> **TASK DESCRIPTION**: All pictures are to be dropped, and the remaining data set down exactly.

*** SOURCE INFORMATION ***

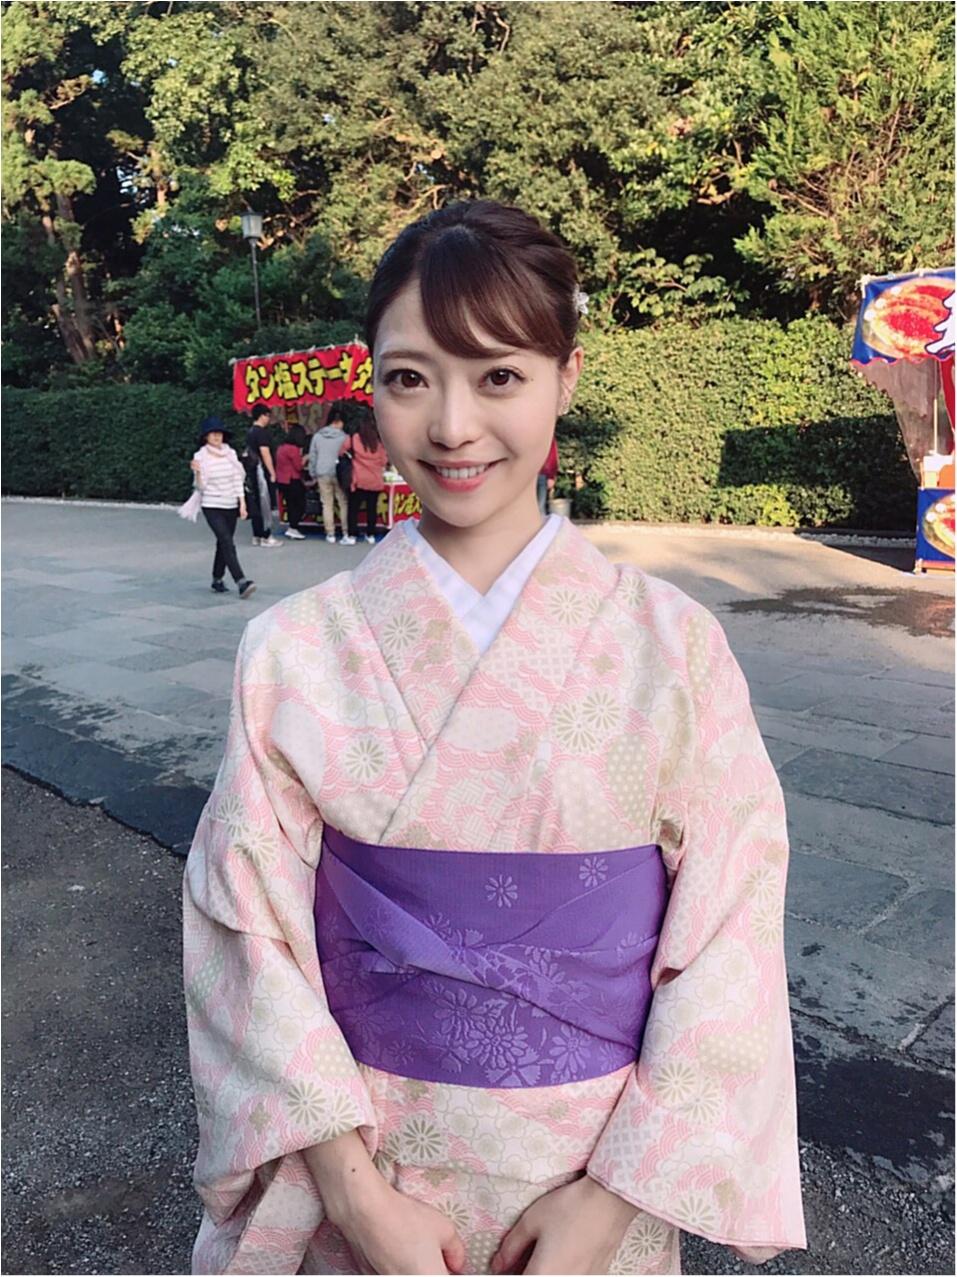 【着物でフォトジェニック!】『今の季節にオススメな』鎌倉で食べ歩きしたい方必見!ご紹介します♡_2
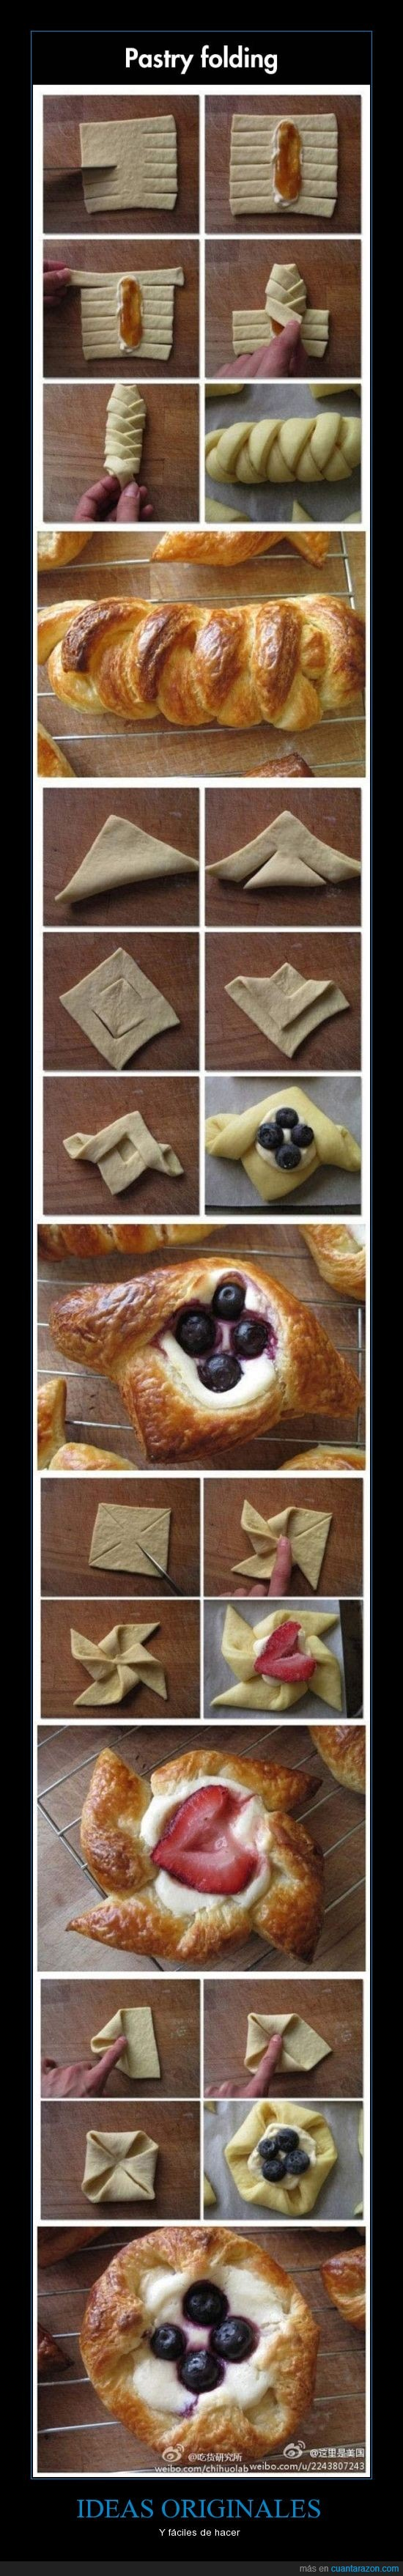 crear,forma,hojaldre,masa,papiroflexia repostera,pastelitos,qué hambre...,receta
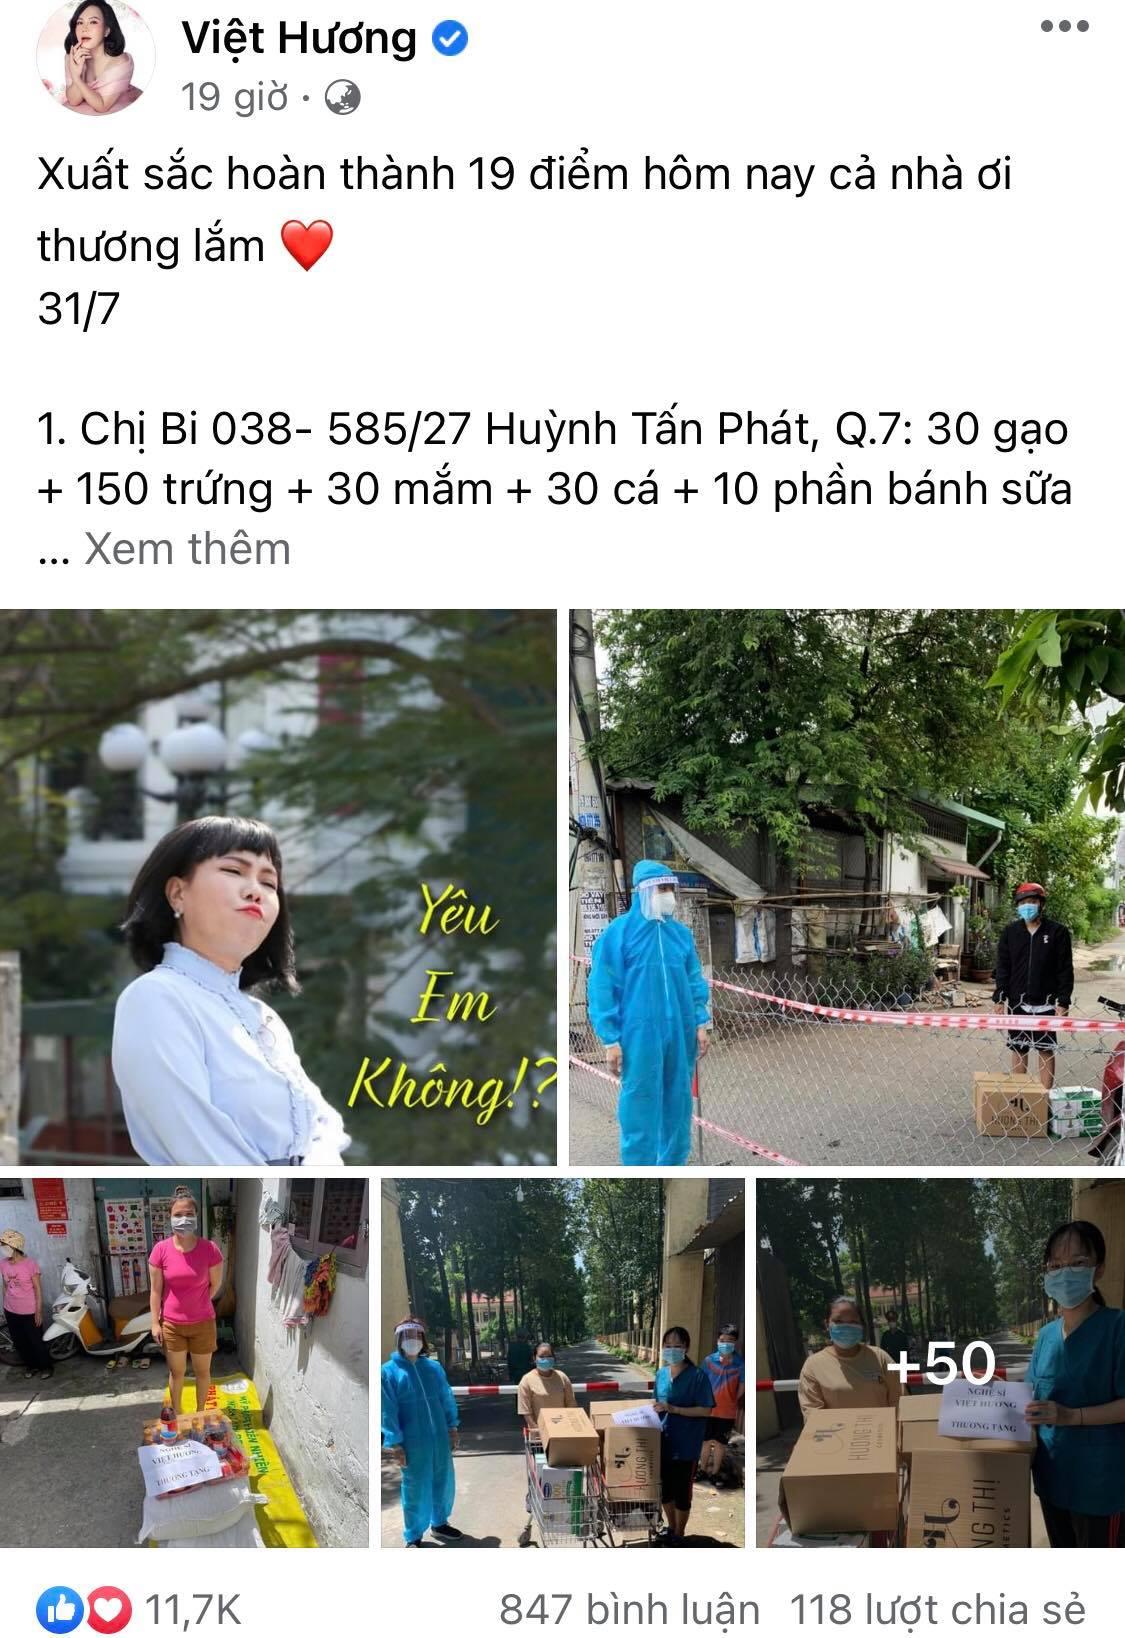 Viet Huong 4
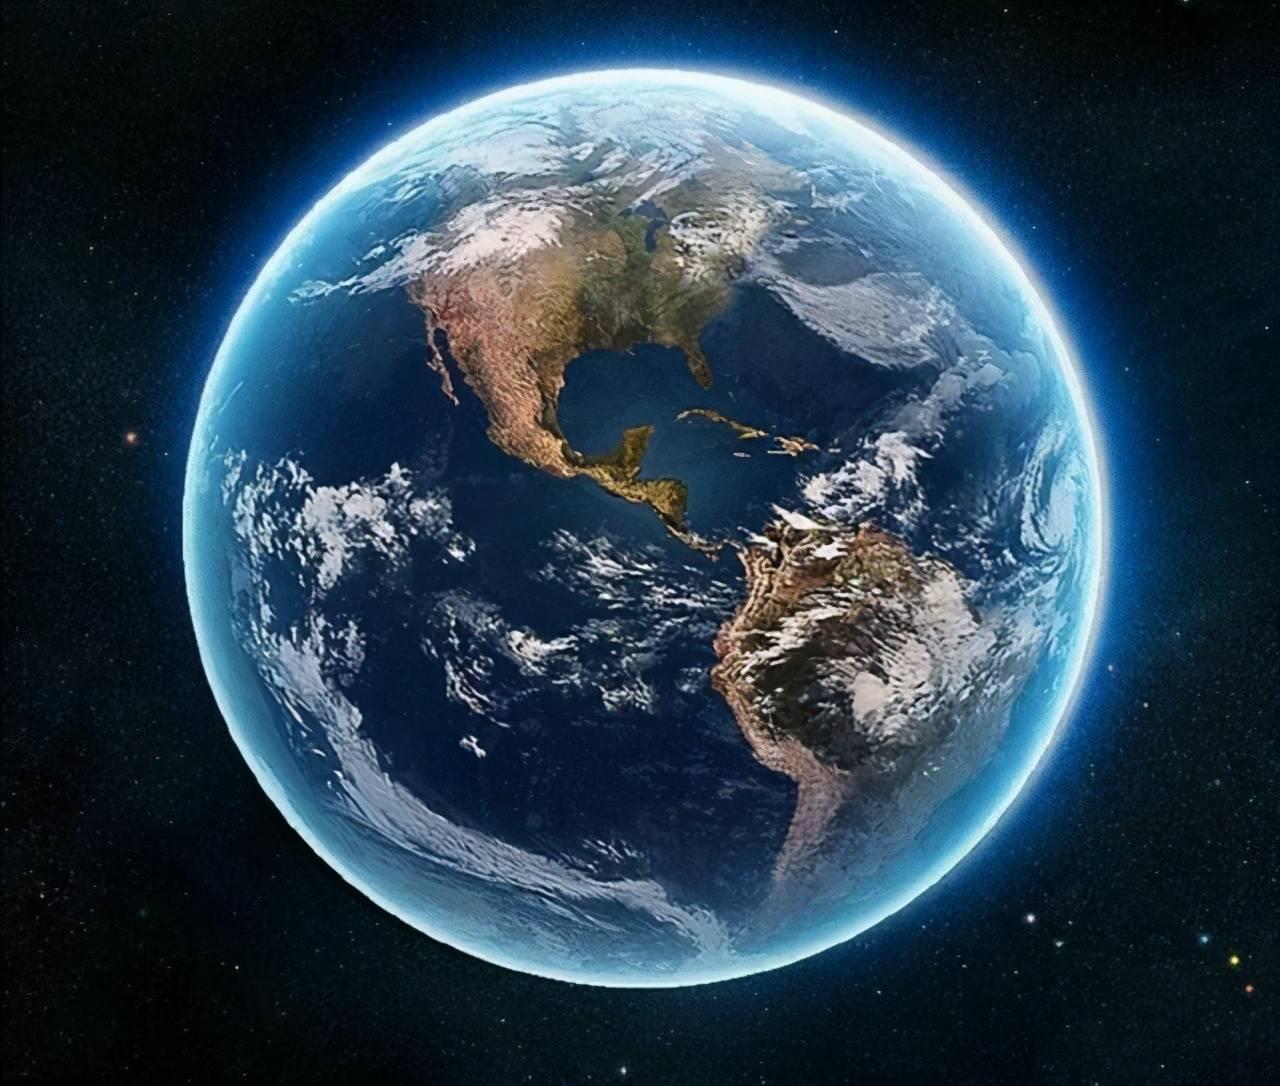 28万亿吨:地球冰盖正在快速崩溃,海平面上升了多少?
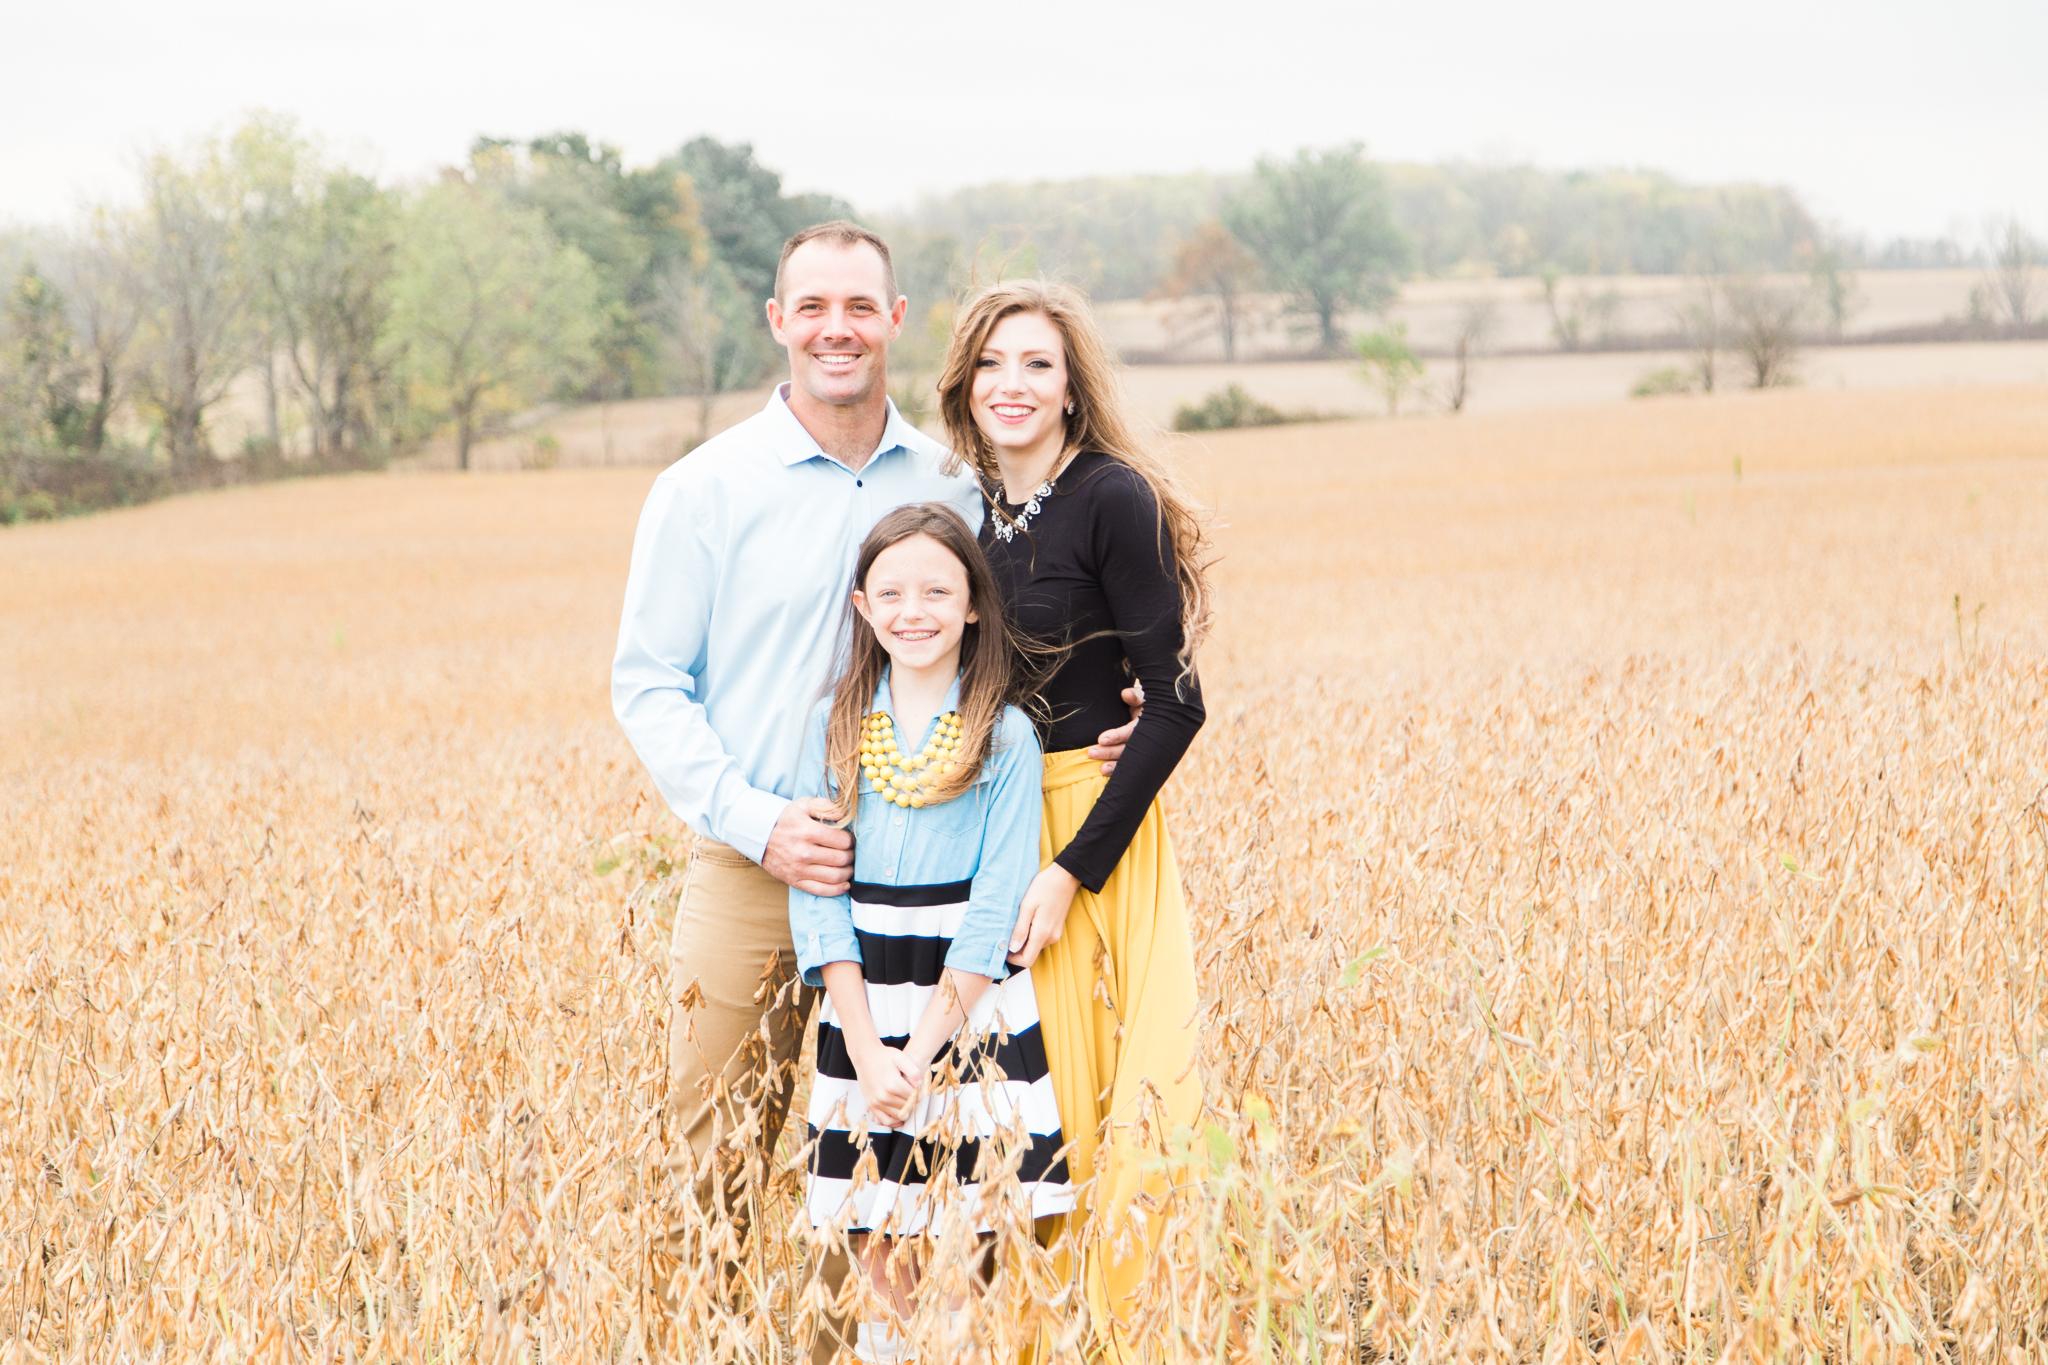 walkerfamily5-16.jpg

*** End of SOURCE INFORMATION ***

> **RESPONSE BOX**:
 【着物でフォトジェニック!】『今の季節にオススメな』鎌倉で食べ歩きしたい方必見!ご紹介します♡_2
 crear,forma,hojaldre,masa,papiroflexia repostera,pastelitos,qué hambre...,receta
 Viet Huong 4
 28万亿吨:地球冰盖正在快速崩溃,海平面上升了多少?
 walkerfamily5-16.jpg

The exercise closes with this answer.